AI_CHOICE
Overview
AI_CHOICE uses AI to classify or select the most appropriate option from a list of choices based on provided text. It is ideal for categorization, sentiment analysis, prioritization, and other decision-making tasks where multiple options must be evaluated against a text description. The function leverages Mistral AI’s large language models via their API.
Relevant links:
This example function is provided as-is without any representation of accuracy.
Usage
To use the function in Excel:
=AI_CHOICE(text, choices, [temperature], [model], [api_key], [api_url])
text
(str or 2D list, required): The text to classify or analyze.choices
(str or 2D list, required): The options to choose from (comma-separated string or range with one option per cell).temperature
(float, optional, default=0.2): Controls the randomness/creativity of the response (0.0 to 2.0). Higher values mean more creative.model
(str, optional, default=“mistral-small-latest”): The specific AI model ID to use for the request.api_key
(str, optional): API key for authentication. Get a free API key from Mistral AI .api_url
(str, optional, default=“https://api.mistral.ai/v1/chat/completions ”): OpenAI-compatible API endpoint URL which supports CORS.

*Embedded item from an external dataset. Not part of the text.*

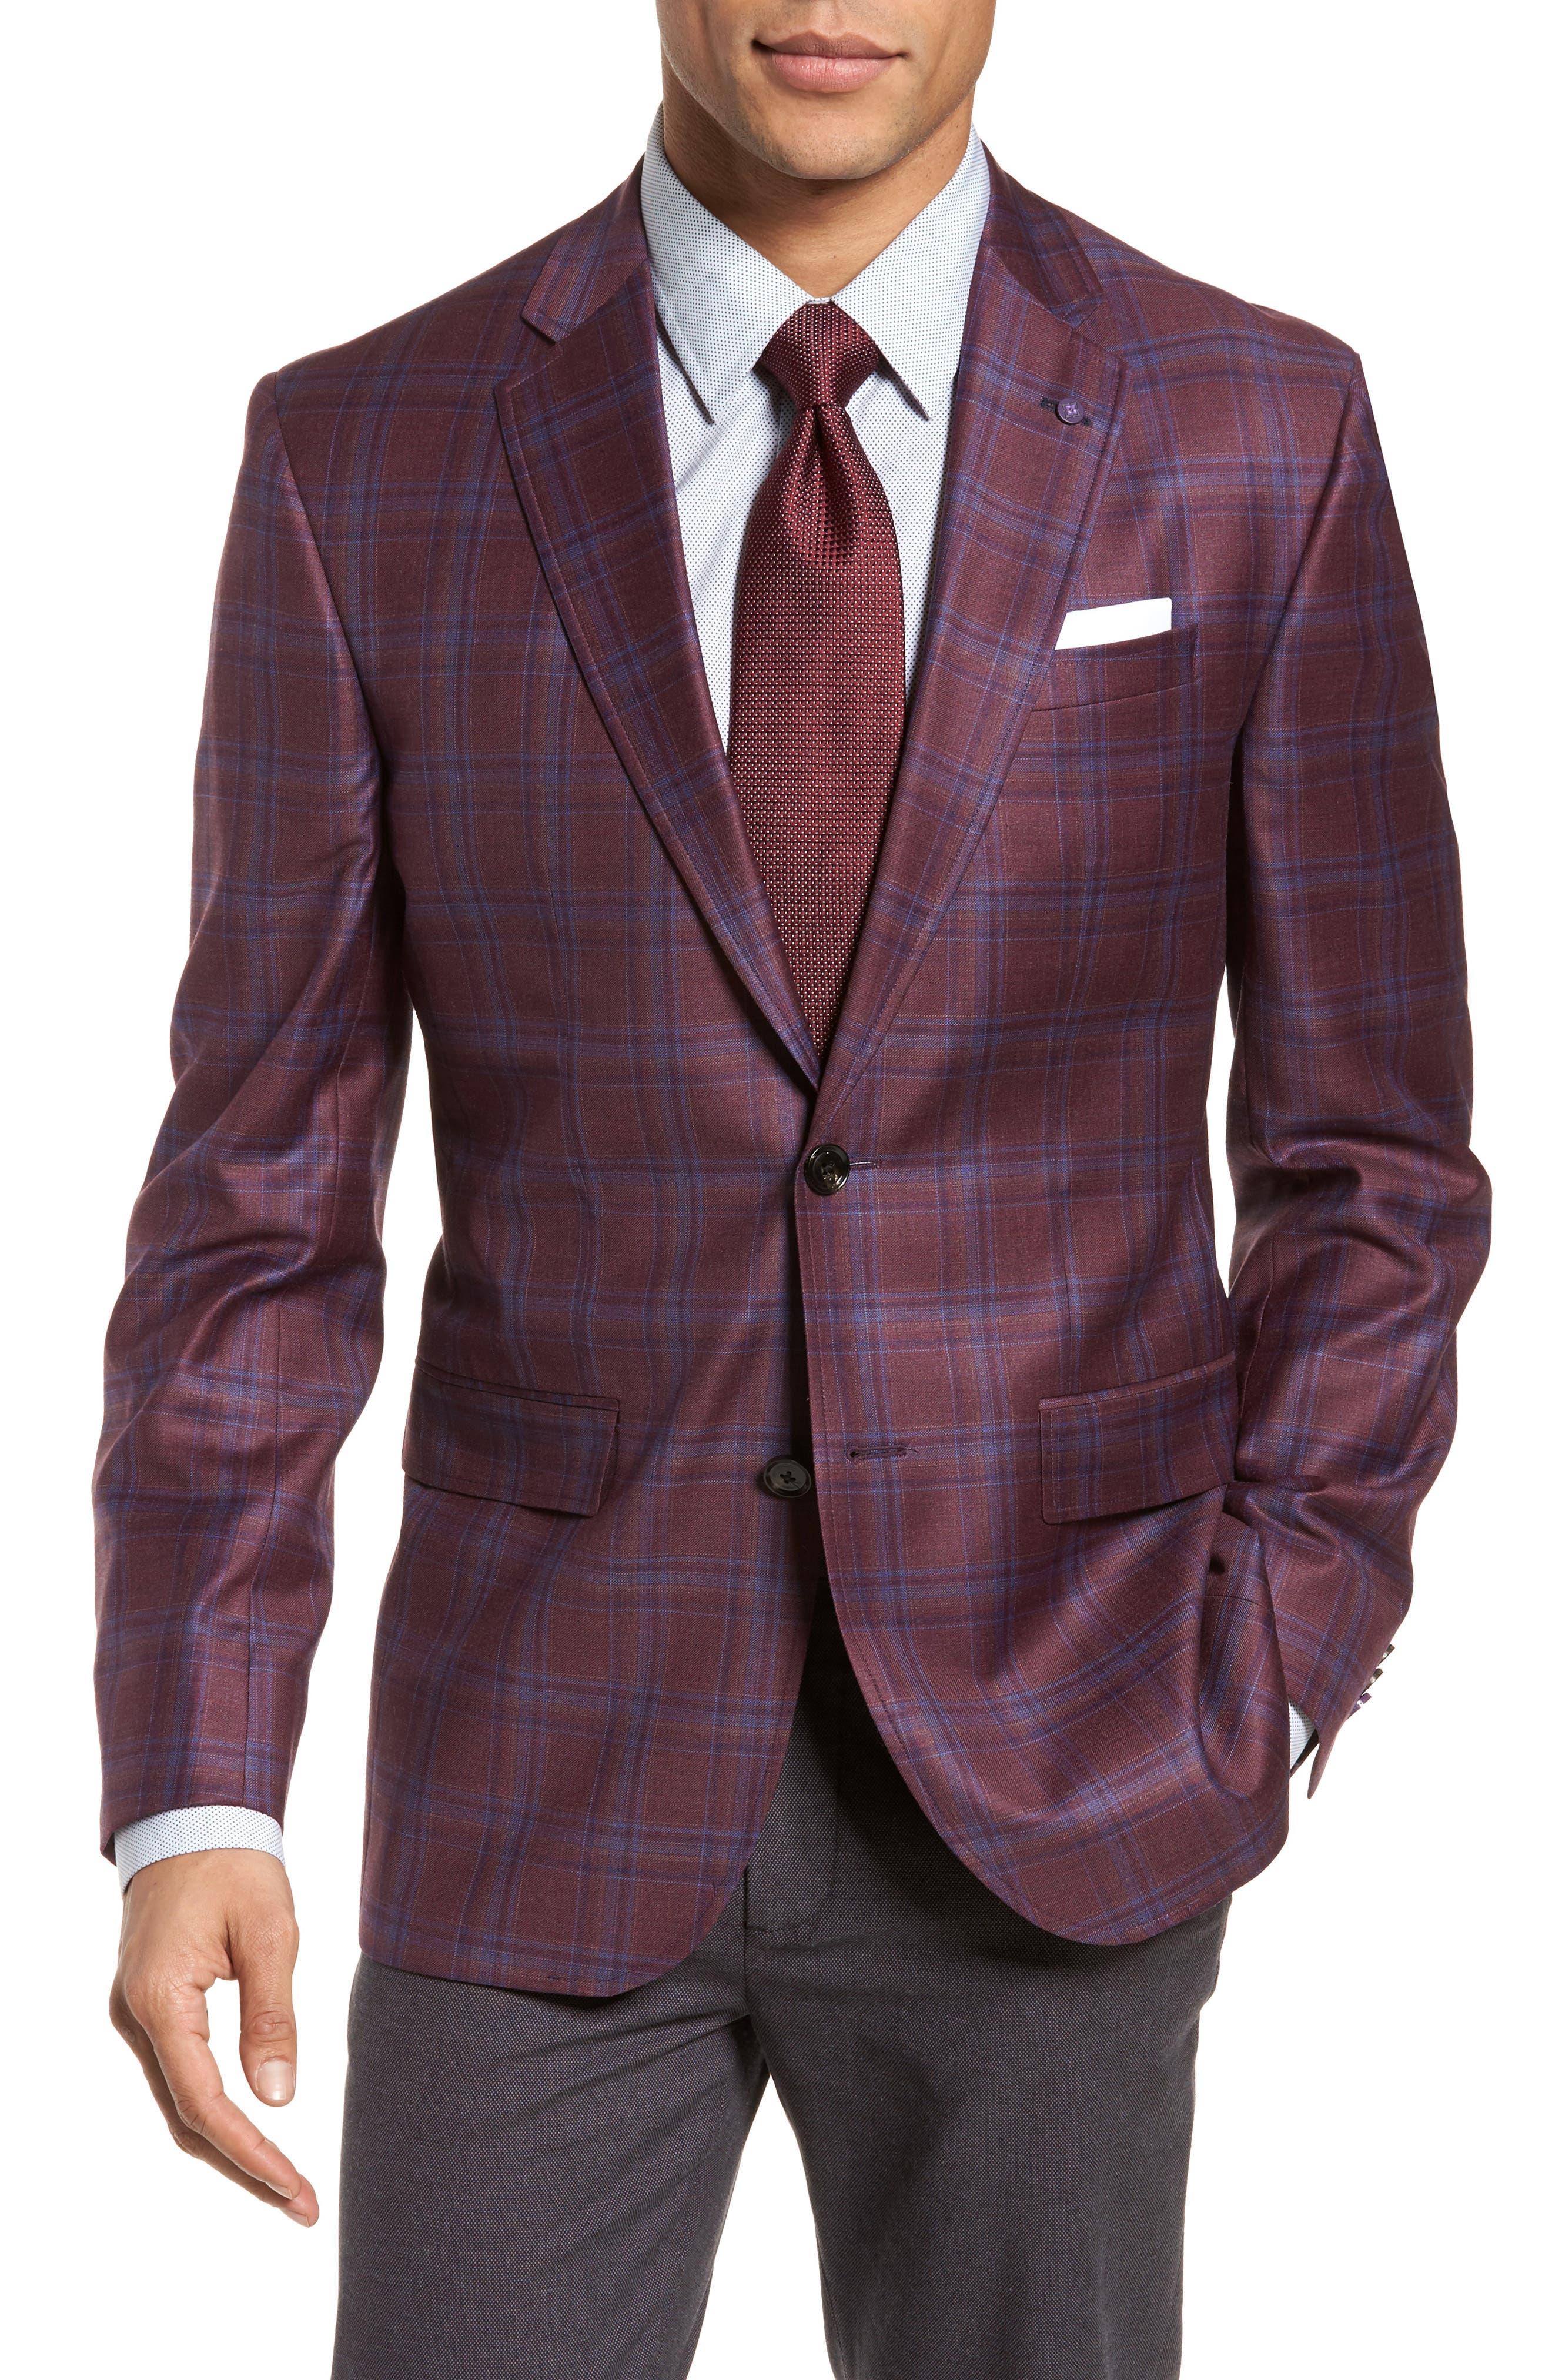 Jay Trim Fit Plaid Wool Sport Coat,                         Main,                         color, 600

The function returns the selected choice from the provided options as a string. If input is invalid or an error occurs, a string error message is returned instead.
Examples
Example 1: Expense Categorization
This example classifies an expense description into a category.
In Excel:
=AI_CHOICE("Uber ride from airport to hotel, $45.50", {"Travel","Food","Office","Software"})
Expected output:
Result |
---|
Travel |
Example 2: Email Sentiment Analysis
This example classifies the sentiment of an email.
In Excel:
=AI_CHOICE("I've been waiting for a response about my refund for over two weeks now. This is completely unacceptable...", {"Positive","Neutral","Negative"})
Expected output:
Result |
---|
Negative |
This means the function selected the most appropriate choice from the provided options based on the input text.
Python Code
import requests
import json
def ai_choice(text, choices, temperature=0.2, model="mistral-small-latest", api_key=None, api_url="https://api.mistral.ai/v1/chat/completions"):
"""
Uses AI to select the most appropriate choice from a list of options based on the given context.
Args:
text: The context, question, or scenario used for decision-making. Accepts a string or a 2D list of strings.
choices: The options to choose from. Accepts a comma-separated string or a 2D list of strings.
temperature: Controls randomness in the selection (0-2). Default is 0.2.
model: ID of the AI model to use. Default is "mistral-small-latest".
api_key: API key for authentication (e.g. for Mistral AI). Optional.
api_url: OpenAI-compatible URL. Default is "https://api.mistral.ai/v1/chat/completions".
Returns:
The selected choice from the options provided as a string, or an error message string if input is invalid.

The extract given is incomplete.